The renovated venue would include a balcony overlooking the stage and a large lobby for entertaining.
“It wouldn’t be Carnegie (Hall) — not much is — but it could be a very nice concert hall,” Gearhart added.
To convert the building is expected to cost between $15 million to $20 million and would take 1 to 2 years to complete. Development officials have already been talking quietly to potential donors. The idea would require approval by the UA Board of Trustees before further action.
The university’s proposal alters the Walton Arts Center’s plans to build a venue of the same size in Fayetteville. The 600-seater was part of an overall expansion plan that also includes building a new 2,000-seat performance hall and accompanying 200-seat education center in Bentonville, as well as extensively renovating the existing center on Dickson Street.
On Tuesday, Bob Shook with theater-planning consultants Schuler Shook and Sean Ryan with Venue Cost Consulting presented the two boards with their estimates for building the new and renovating the old. Even without the 600-seat performance venue in Fayetteville, the cost would be $200.7 million, which includes a $20 million endowment. Cost to build the new venue in Bentonville was estimated at $160.1 million, though the pricetag does not include the cost of the land.

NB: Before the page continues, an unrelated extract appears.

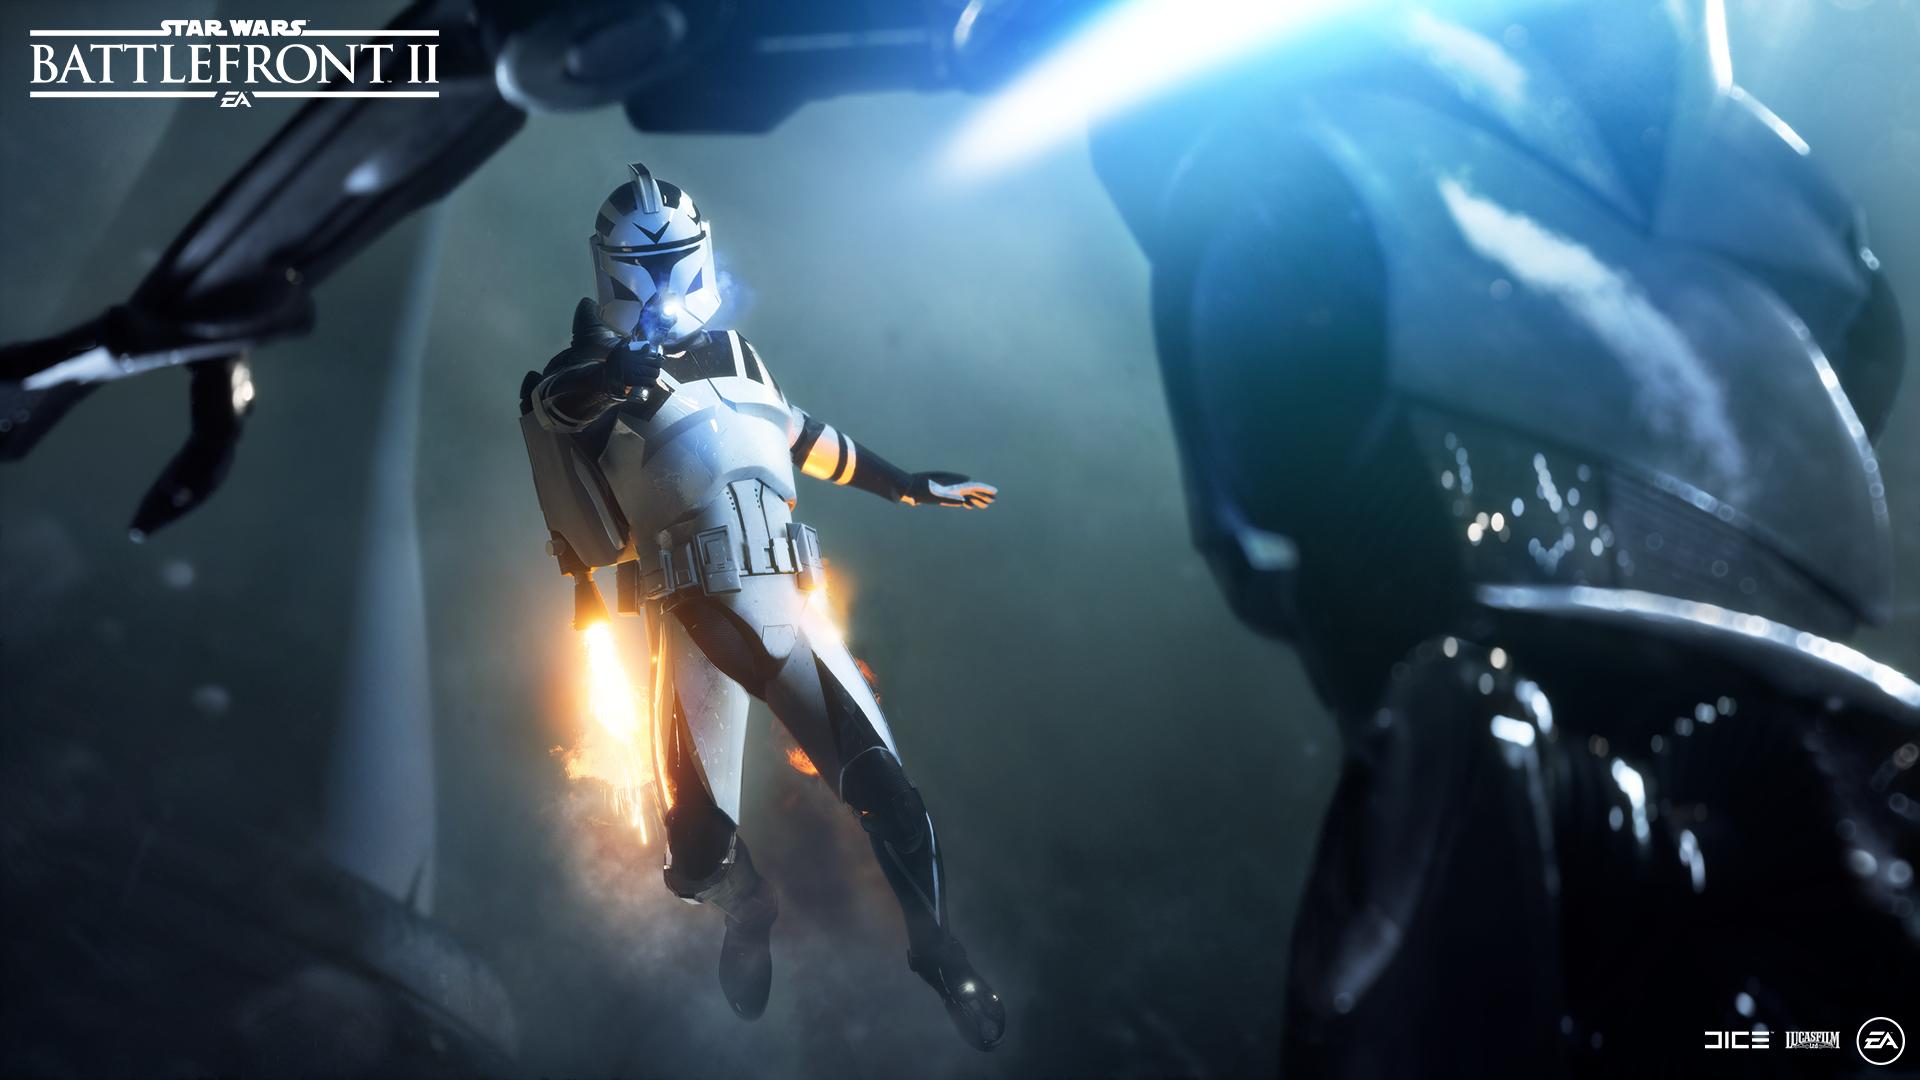 EA Star Wars Siege of Kamino Update deploys tomorrow in #StarWarsBattlefrontII! Read all the changes here

Walton Arts Center president and CEO Peter Lane said the center’s leadership is far from finding a site, though the goal is to be as close to downtown Bentonville as possible.
“We’ll have more clarity over the next year,” Lane said.
While researching the need and cost for the Walton Arts Center’s new digs, Shook said his team gathered input last summer from a wide range of stakeholders, such as the center’s staff, arts organizations, performing arts companies such as TheatreSquared, Wal-Mart and its suppliers, nonprofits, and event planners.
Amenities of the new Bentonville facility would include the aforementioned 200-seat education theater, a main stage and one or two balconies, main-floor seating that could convert to a flat floor with seating for 1,300 people; a multipurpose room for 30 people, a lobby with space for a donor lounge large enough for 100 people, an office, a gallery and back-of-house support, which includes dressing rooms, storage and backstage space.
Shook said the Bentonville venue could be used by Wal-Mart to hold its Saturday morning top management meetings.
A 2008 study by another firm recommended that the Benton County performance hall includes at least 2,200 seats, though Shook shook his head at the notion. Costs rise significantly and intimacy is sacrificed when the 2,000-seat mark is broached, he said.
“It’s possible to build a building too big,” Shook said. “We want to make sure we have just the right capacity.”
Renovations to the existing arts center are expected to cost $20.6 million with most of the work being done to the main lobby/front of house and the back of house. Shook suggests nearly doubling the size of the lobby to ease the flow of patrons at major events and for additional rental space for special events.
When the center was built, Shook said, some shortcuts were taken in regard to the size of the backstage and storage areas. As a result, Starr Theater is treated more like a backstage area and is underutilized.
Sprucing up the Dickson Street center is important, Shook said.
“We don’t want this to be the poor cousin while the new performance hall gets built up in Bentonville.”
Improvements to the Fayetteville campus of the Walton Arts Center could be finished as early as 2016 and the new facilities at the yet-to-be-determined Bentonville site are forecast to open in 2018. Webb Management, a third consulting team that did not attend the meeting, estimates that the center will operate in a deficit for the two years before and two years after the Bentonville venue opens, then be back in the black by 2021.
Lane said it was typical of what happens when a center builds a new hall.
“You can’t come out of the gate and hit home runs,” he said.